Thank God for World Series Championships

The last time a major Philadelphia sports team won a championship was in 1983, four years before I was born. For Philadelphians below the age 0f 25, all we knew about championships came from what our parents told us. Until Wednesday night.

I don’t know what it is about baseball or sports in general that’s so enthralling. I do know that when the Phillies won the World Series on Wednesday, I felt like I was 10 years old and jumping for joy at Christmas again. A million memories and joys swarmed through my mind. Here are a few:

My earliest memory of the Phillies came from the 1993 season. I was six years old. I can remember walking up to the souvenir stand at Veterans Stadium. My father bought me a Phillies pennant that had printed on it: “Catch the Phillies Fever.” That pennant stayed on the wall next to my bed for the next 15 years. For many years, I wondered what kind of illness Phillies fever was, and why anyone would want to catch it?

Aside from all the defining moments of being a fan, the things that captured my joy of being a Phillies fan best were simple pleasures like listening to the games on the radio, laying in my bed, developing an imagination for what was going on. We didn’t always have cable television, and so for the first six years or so of my baseball life, I listened to the radio broadcasts with Harry Kalas and the late Richie Ashburn. When the Phillies would hit a homerun or drive in runs, I would jump around my room, swinging my giant inflatable baseball bat and crunching it over my shoulders. I could tell by the tone of Harry’s voice when a homerun was about to happen: “Long drive! Watch that baby, outta here!”

After watching the final out in the World Series, we religiously muted the television, turned up the radio and listened to our old boy, Harry Kalas, announce the final pitch on the radio that was running a minute behind the television broadcast.

I remember the Vet (Veterans Stadium), and all its sub-par glory. The notorious nose bleed 700 level that exists in next to no stadiums in sports today: that’s where the bulk of my seats were. I remember being extremely excited when my mom told me I could have my fourth grade birthday party at the Phillies game. Years later in high school, my friends and I skipped class to watch opening day at Veterans Stadium. The next year we did the same thing, and the next year as well. The Vet was destroyed, Citizens Bank Park came, and we still skipped class every opening day to watch the Phillies.

After the World Series was over and we had driven around for over an hour just blowing the car horn and yelling, I stopped at the bar to catch up with my cousin who I don’t see as much as I use to. We sat and watched the celebration, cried a little and sang “We are the Champions” by Queen.
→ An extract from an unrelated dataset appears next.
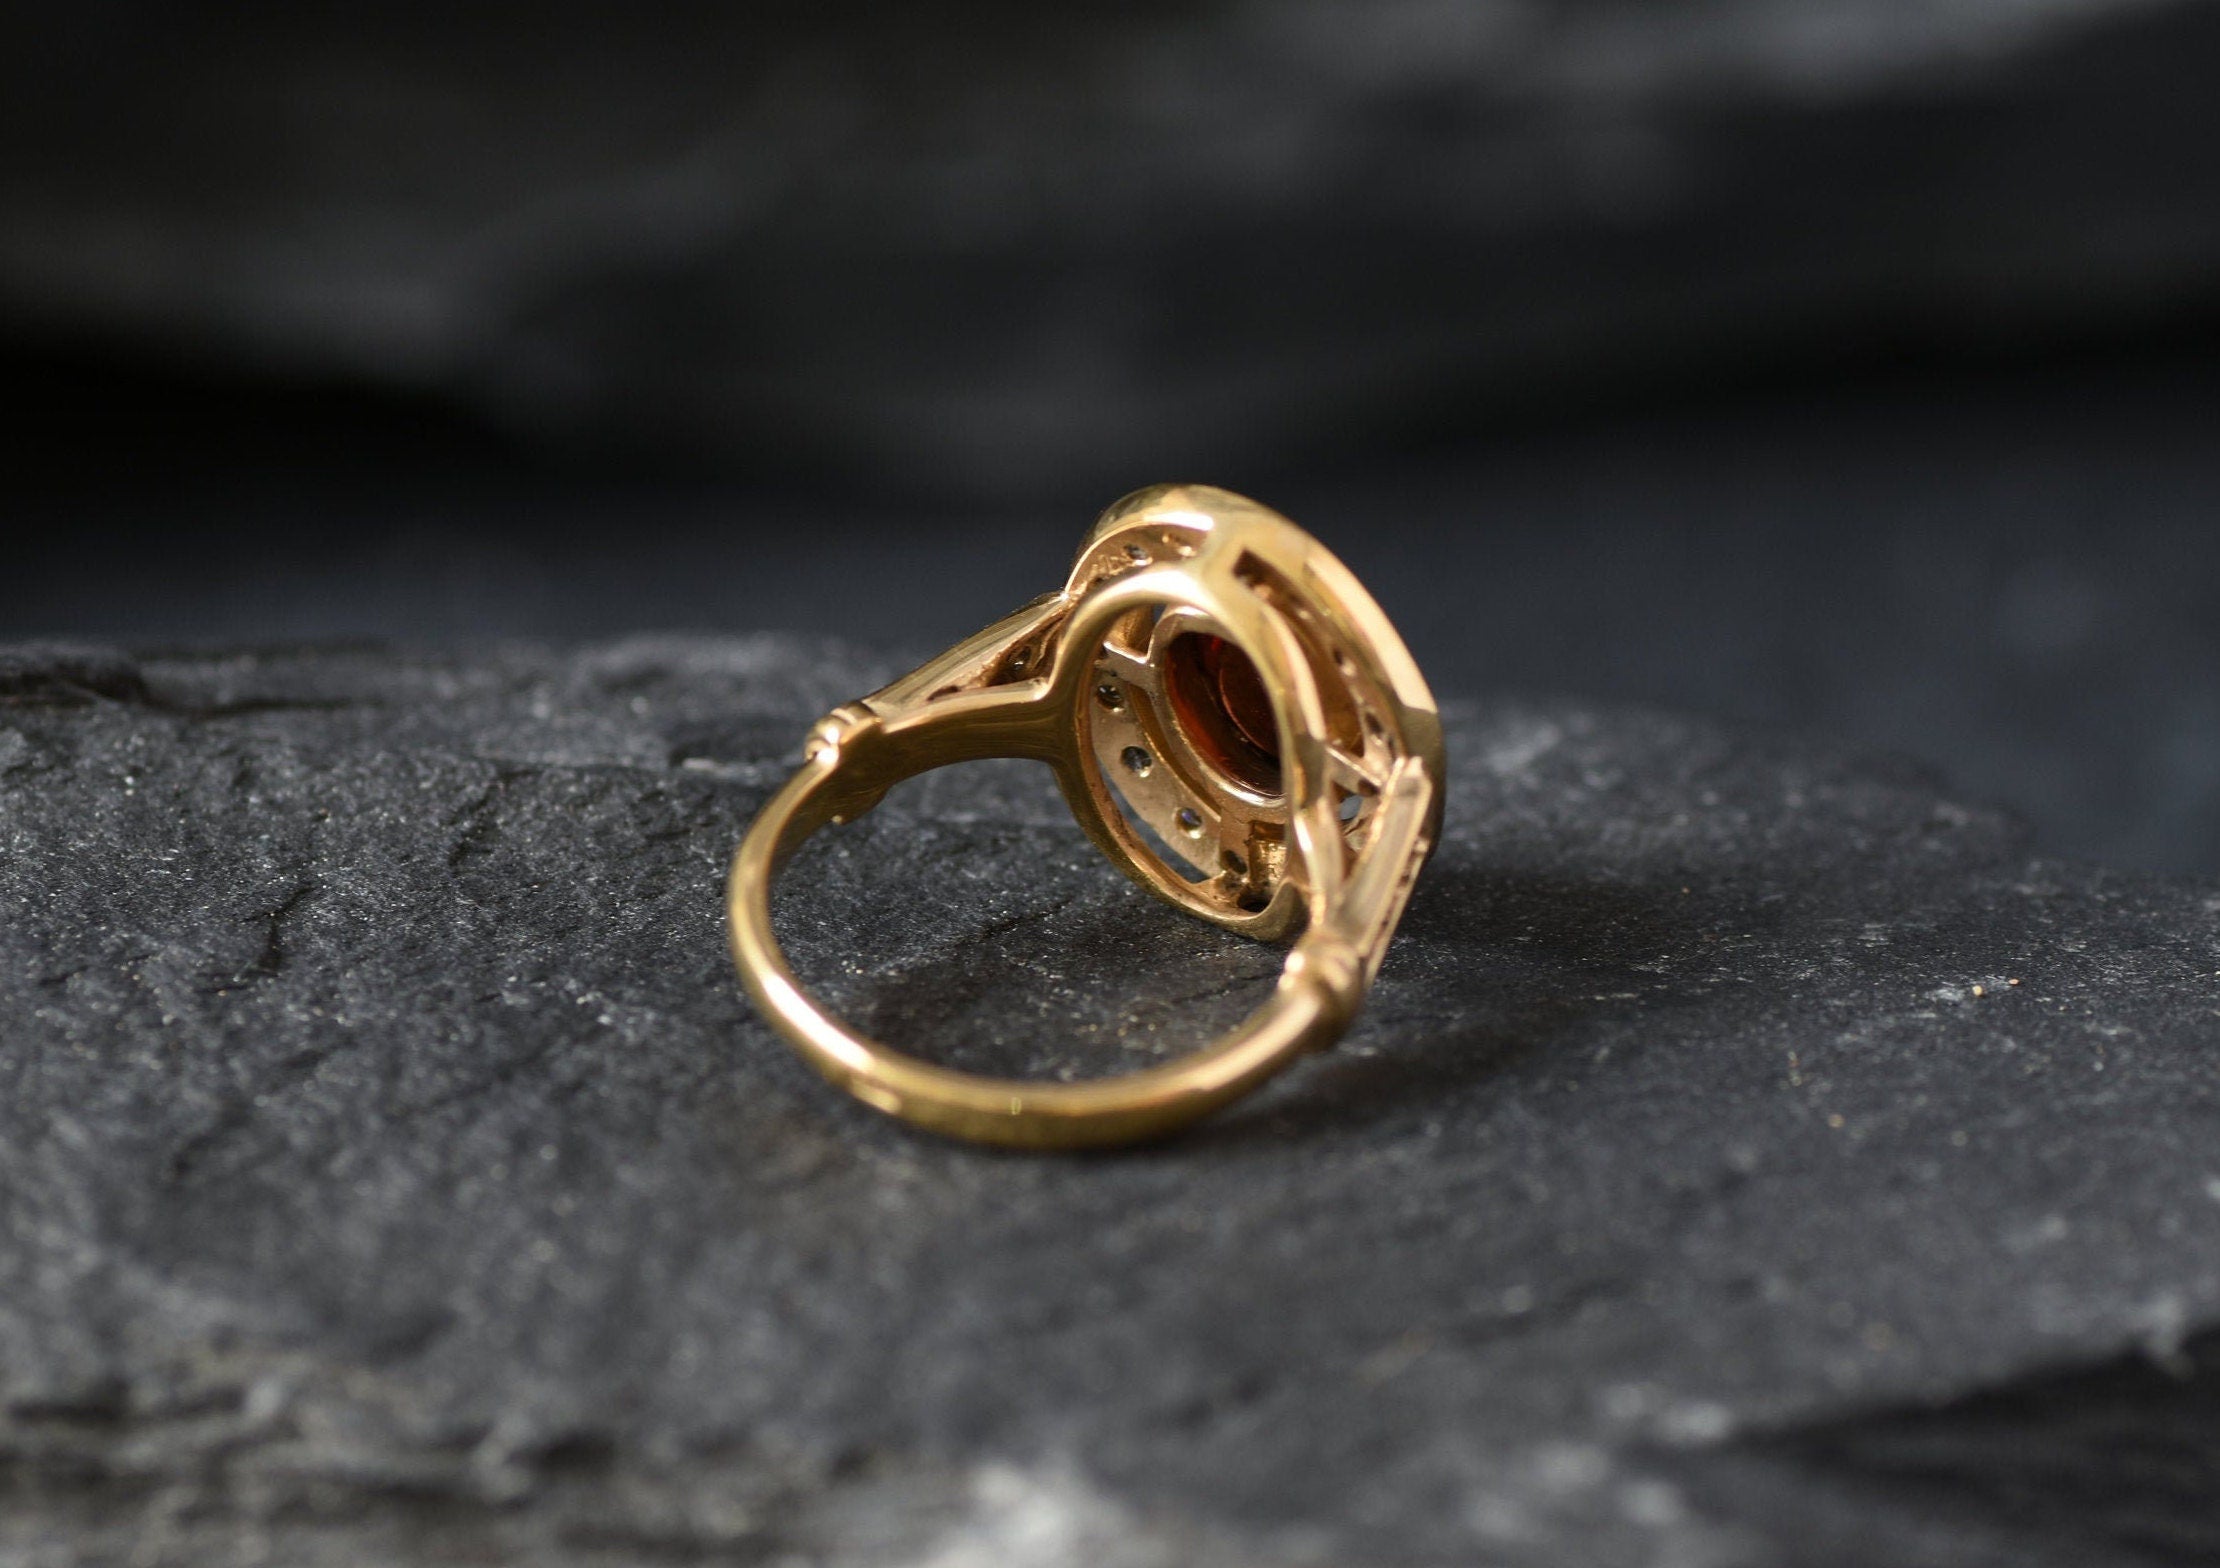 Gold Garnet Ring, Natural Garnet, Antique Ring, Red Garnet Ring, Red Vintage Ring, Gold Filled Ring, Statement Oval Ring, Gold Vermeil Ring

For as long as we both can remember, my cousin and I were best friends. We grew up together. I remember on one particular family vacation, we found out another boy we were playing with was an Atlanta Braves fan. Upon discovery, a shouting match ensued, and we went back and forth throwing names of our teams’ players at each other. My cousin and I shouted names like Mickey Morandini and Lenny Dykstra, far from superstar names but all we had as Phillies fans. Our passion was loyalty. I learned growing up, that you will most likely never be the best or have the best, but none of that matters. All that matters is that you do the best with what the good Lord has given you, and for my cousin and I, that meant a lot of really bad sports teams.

My story isn’t so much different than the next guy’s in Philadelphia. When that last pitch was thrown and the Phillies became the 2008 World Champions, I leapt into the air with no reserve, whooped and hollered and hugged everyone around me without second thought. My Dad did the same thing and so did everyone around us.

As we get old in life, something gets taken from us, and I think it’s our ability to really live. Maturing, I think, just means that you stop caring about certain things. We buy into the folly that we’re too old to do some things or act certain ways. Men aren’t supposed to cry. The shame of maturing is that we forget how to live.

On Wednesday night, I remembered how to live again.